SECURITIES AND EXCHANGE COMMISSION

Washington,  D.C.  20549

Report of a Foreign Issuer
Pursuant to Rule 13a-16 or 15d-16 of
the Securities Exchange Act of 1934



For the month(s) of: February, 1998

NEWCOURT CREDIT GROUP INC.

BCE Place, 181 Bay Street
Suite 3500, P.O. Box 827
Toronto, Ontario
Canada, M5J 2T3


[Indicate by check mark whether the registrant files or will file annual
reports under cover Form 20-F or Form 40-F.]

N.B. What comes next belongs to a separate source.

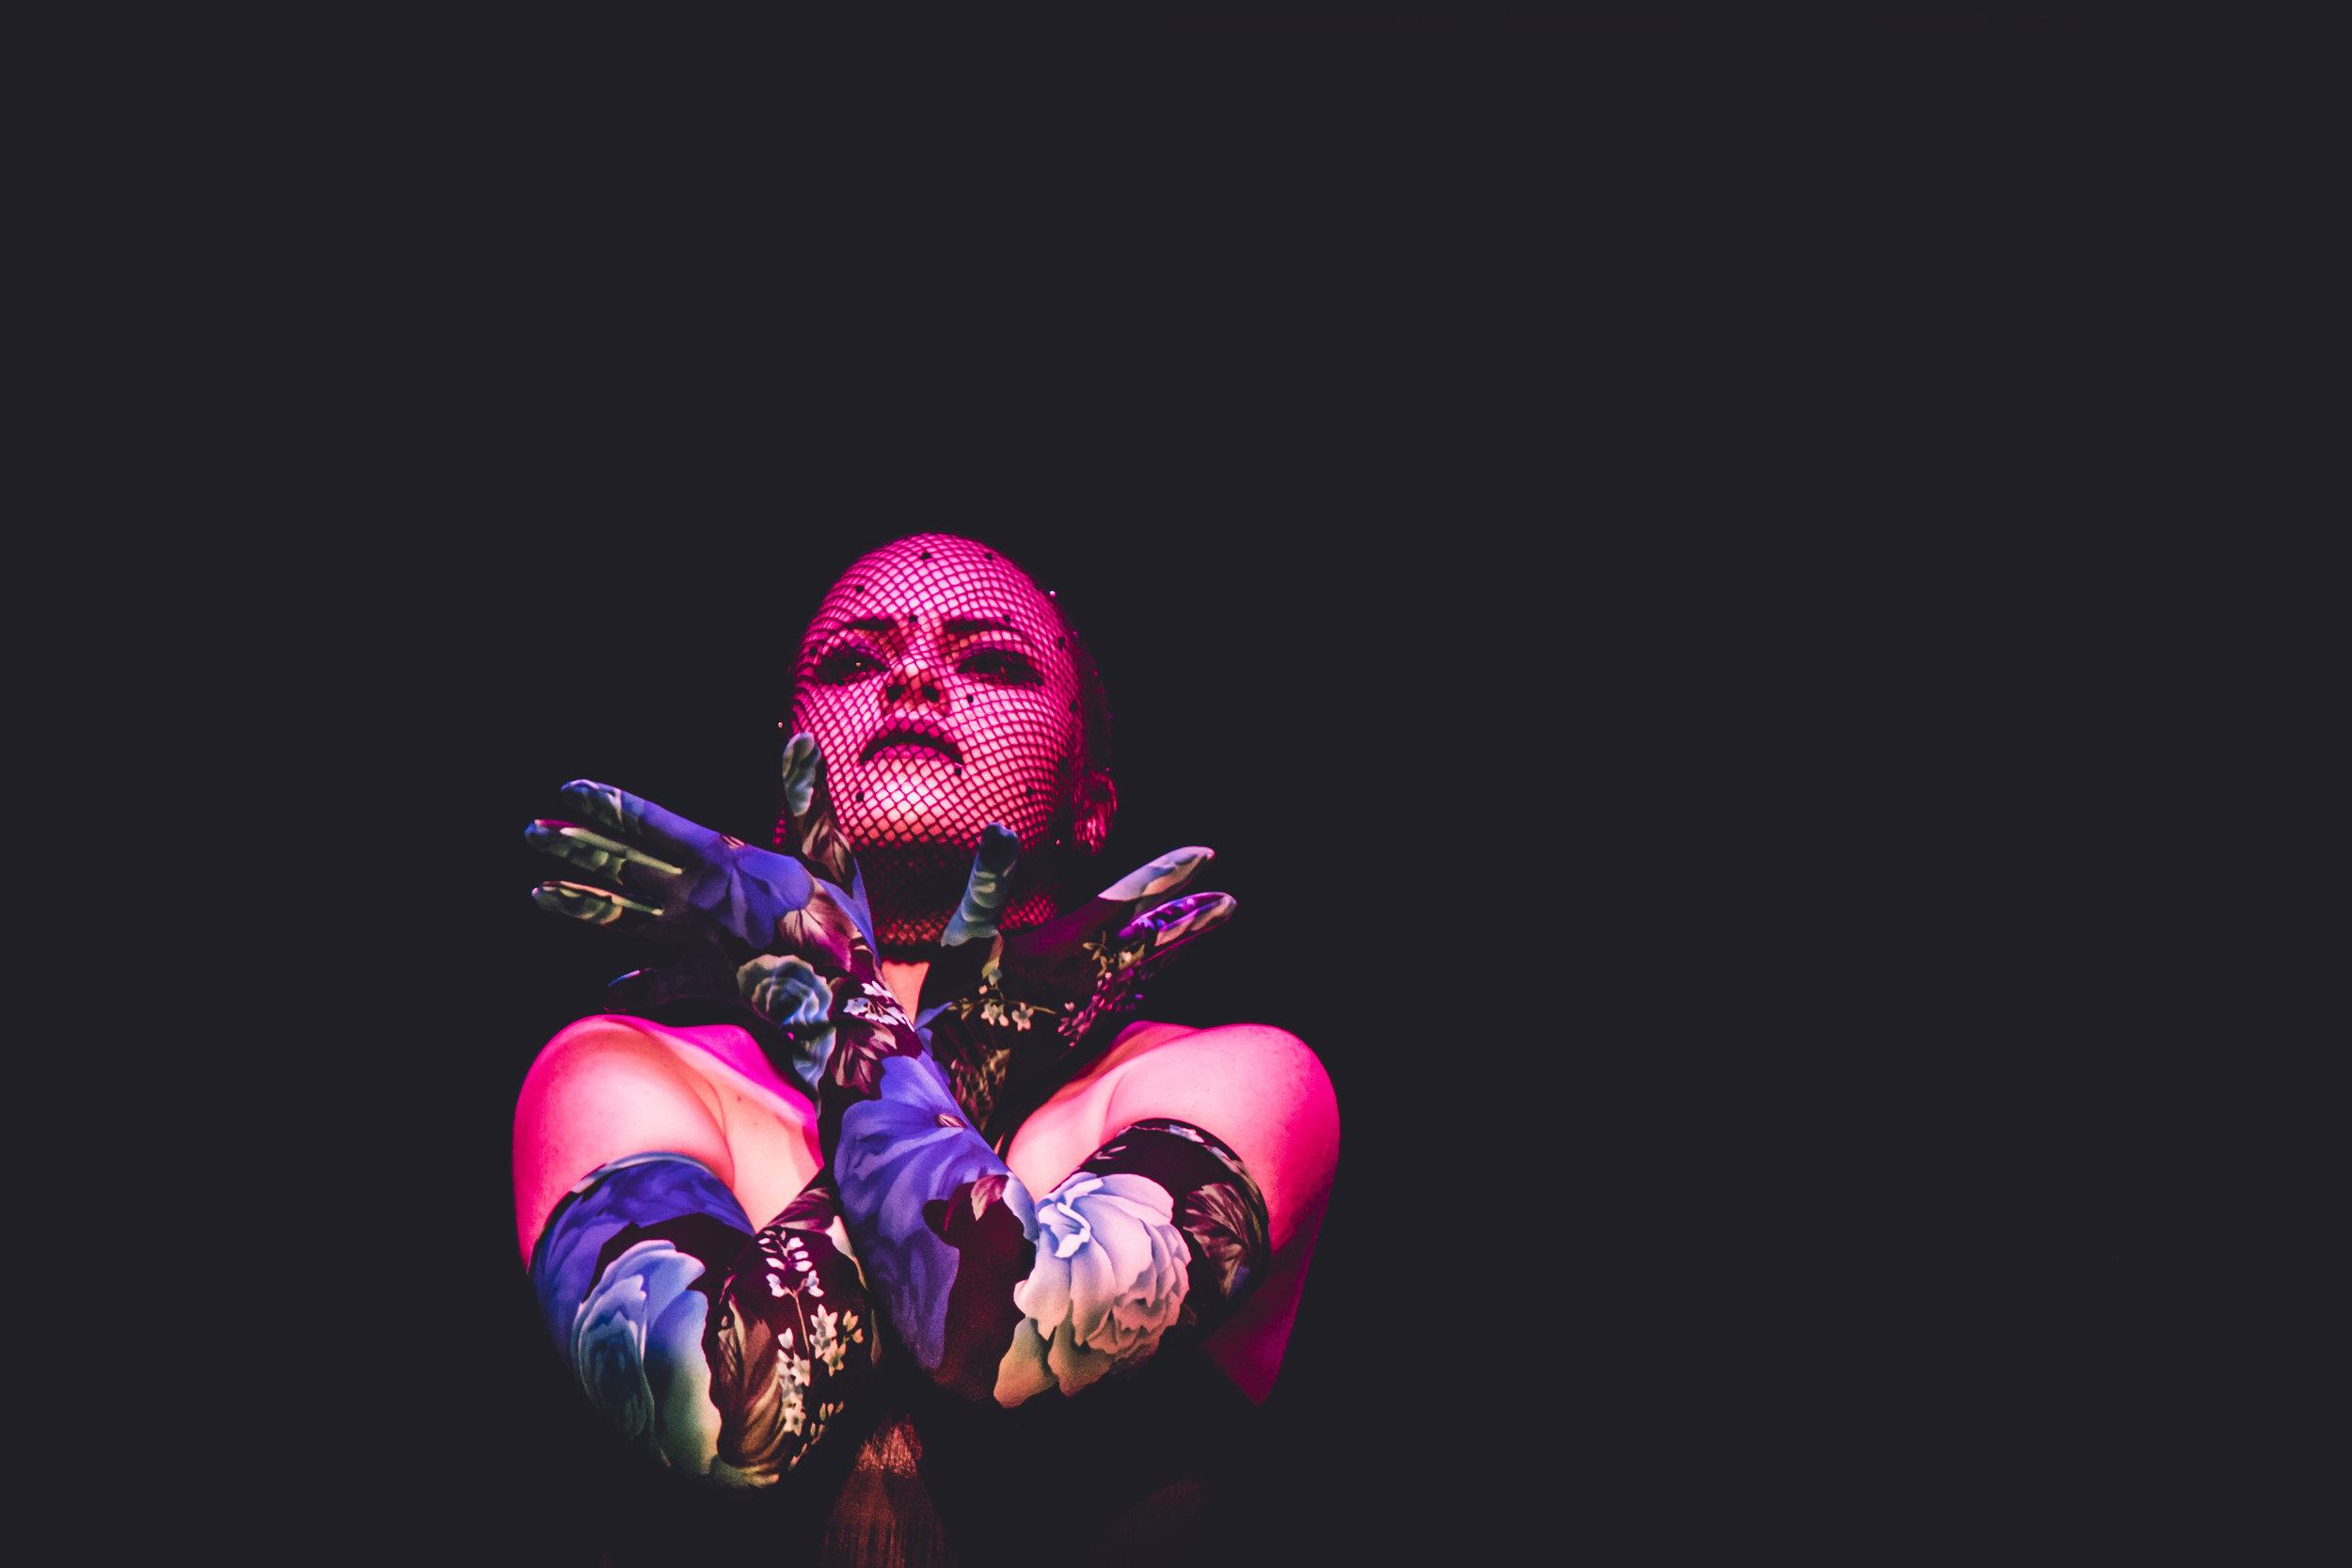 Brenna Crowley

		Form 20-F	/ /			Form 40-F	   /X/	

 [Indicate by check mark whether the registrant by furnishing the
information contained in this Form is also thereby furnishing the
information to the Commission pursuant to Rule 12g3-2(b) under the
Securities Exchange Act of 1934.]

		Yes	/ /				No		    /X/	

 [If "Yes" is marked, indicate below the file number assigned to the
registrant in connection with Rule 12g3-2(b)]

		82-  				

SIGNATURES

Pursuant to the requirements of the Securities Exchange Act of 1934, the
registrant has duly caused this report to be signed on its behalf by the
undersigned, thereunto duly authorized.

Date:  February 4, 1998			NEWCOURT CREDIT GROUP INC.
By: John P. Stevenson
Corporate Secretary

<PAGE>




For immediate release

Trading Symbol:	NCT	                Contact:	John Sadler
                                          			Senior Vice President
Exchange Listings: Toronto	                 	Corporate Affairs
                 	 Montreal                 	(416) 594-2400
               			 New York

Newcourt caps 1997 with 86% growth in operating income

TORONTO, February 4, 1998 -- Newcourt Credit Group today reported
operating income before restructuring charges and taxes of  $119.1
million (US$86.1 million) for the year ended December 31, 1997,
representing an 86% increase over the $64.2 million in operating income
reported last year.

On January 12, 1998, Newcourt completed its acquisition of AT&T Capital
Corporation. A charge of $55 million ($0.43 per share) covering severance
packages, office relocations and system costs was applied against fourth
quarter earnings. As a result, net income for the year ended December 31,
1997 was $36.4 million (US$26.3 million) as compared with the $50.7
million reported for the previous year.

Based on an average of 70,219,175 shares outstanding during the year, the
Company's earnings per share before the restructuring charges were $1.33
(US$0.96) as compared with $0.96 (US$0.70) for last year. The
restructuring charges reduced the basic and fully diluted earnings per
share to $0.52 (US$0.38).

At a meeting of the Board of Directors held February 4, 1998, a
quarterly dividend of $0.04 per share (US$0.03) was approved for
payment on February 27, 1998 to the common shareholders of record as
at the close of business on February 19, 1998. As well, the Board
approved the appointments of David Sharpless as Newcourt's Deputy
Chairman and David Banks, former AT&T Capital CEO, as Chairman of the
Board. Guy Hands, Managing Director of Nomura International's
Principal Finance Group, representing Hercules Holdings, was also
appointed to the Board and to the Company's Investment Committee.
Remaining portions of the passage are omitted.